Primo piano di Jan Kuciak

C’è una prima condanna per l’omicidio di Jan Kuciak, il giovane reporter slovacco morto a 27 anni, nel 2018, freddato insieme alla sua fidanzata prima della pubblicazione di un’inchiesta sui presunti rapporti tra politici locali e ‘ndrangheta calabrese. 15 anni di carcere per Zoltan Andrusko, l’uomo che, in cambio di soldi, secondo l’accusa avrebbe trasmesso ai sicari il mandato di uccidere il giornalista investigativo.

Omicidio Kuciak: prima condanna

C’è una prima condanna nell’ambito del processo per l’omicidio del giornalista slovacco Jan Kuciak e della fidanzata, Martina Kusnirova. Entrambi furono uccisi nel febbraio 2018, freddati in casa a colpi di pistola.

Il condannato, secondo quanto riportato dai media locali, è Zoltan Andrusko: per il tribunale di Pezinok, città nella regione di Bratislava, è colpevole di aver trasmesso ai killer, in cambio di soldi, l’ordine di uccidere.

Andrusko, 42 anni, ha collaborato con gli inquirenti e il suo contributo gli ha permesso di scampare a una sentenza più dura per quello che, secondo le indagini, è stato il ruolo da intermediario nel delitto.

A fissare il suo nome nel mirino delle indagini era stato il legame con Alena Zsuzsova, arrestata nel 2018 con altre 3 persone.

Sarebbe stata lei, per l’accusa, ad aver chiesto ad Andrusko di trovare dei killer.

La donna lavorava come interprete al servizio dell’imprenditore Marian Kocner, anch’egli finito in carcere così come i presunti esecutori materiali del duplice omicidio.
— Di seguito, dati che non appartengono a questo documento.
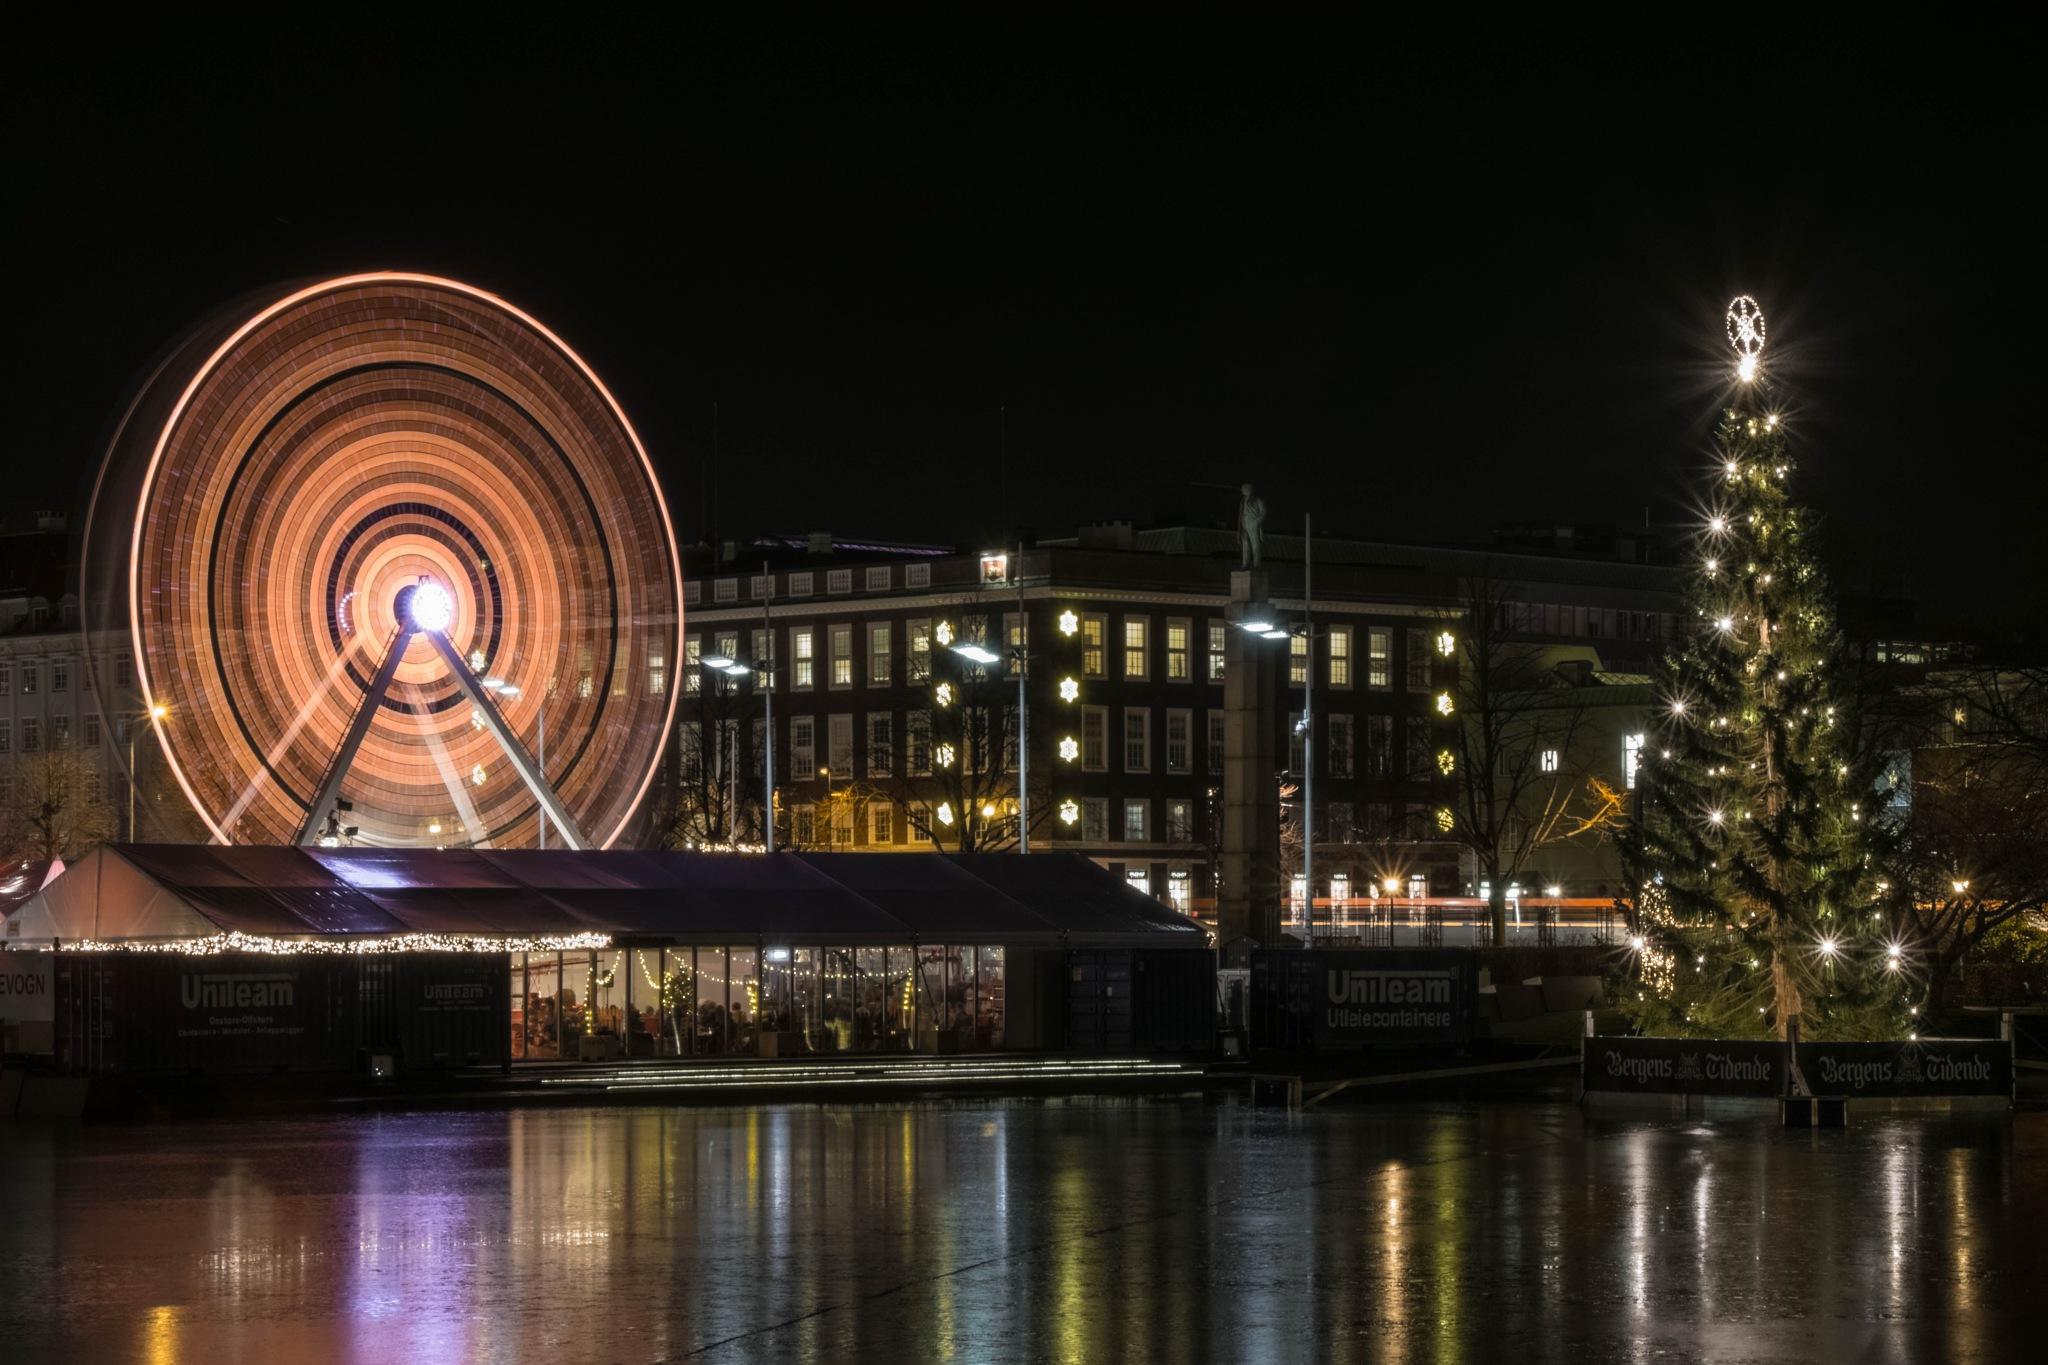 Pariserhjul, Bergen by MjollnirMacAlba

È proprio sulle attività di quest’ultimo, sullo sfondo di un presunto tessuto di corruzione, che Kuciak aveva puntato l’occhio della sua inchiesta, pronta ad esplodere prima di essere ucciso.

La morte del reporter slovacco

Kocner, Zsuzsova e i 2 presunti esecutori materiali compariranno davanti al giudice tra poche settimane, dopo l’udienza preliminare del 19 dicembre scorso.

Jan Kuciak e la sua fidanzata furono uccisi in casa, vicino alla capitale della Slovacchia, proprio quando il reporter 27enne stava per pubblicare la sua inchiesta sui presunti rapporti tra politica locale e mafia.

Era il 21 febbraio 2018, l’alba di uno dei capitoli più sconvolgenti per il giornalismo su scala internazionale. Andrusko, il primo condannato per la morte del giornalista e della compagna, è stato processato separatamente.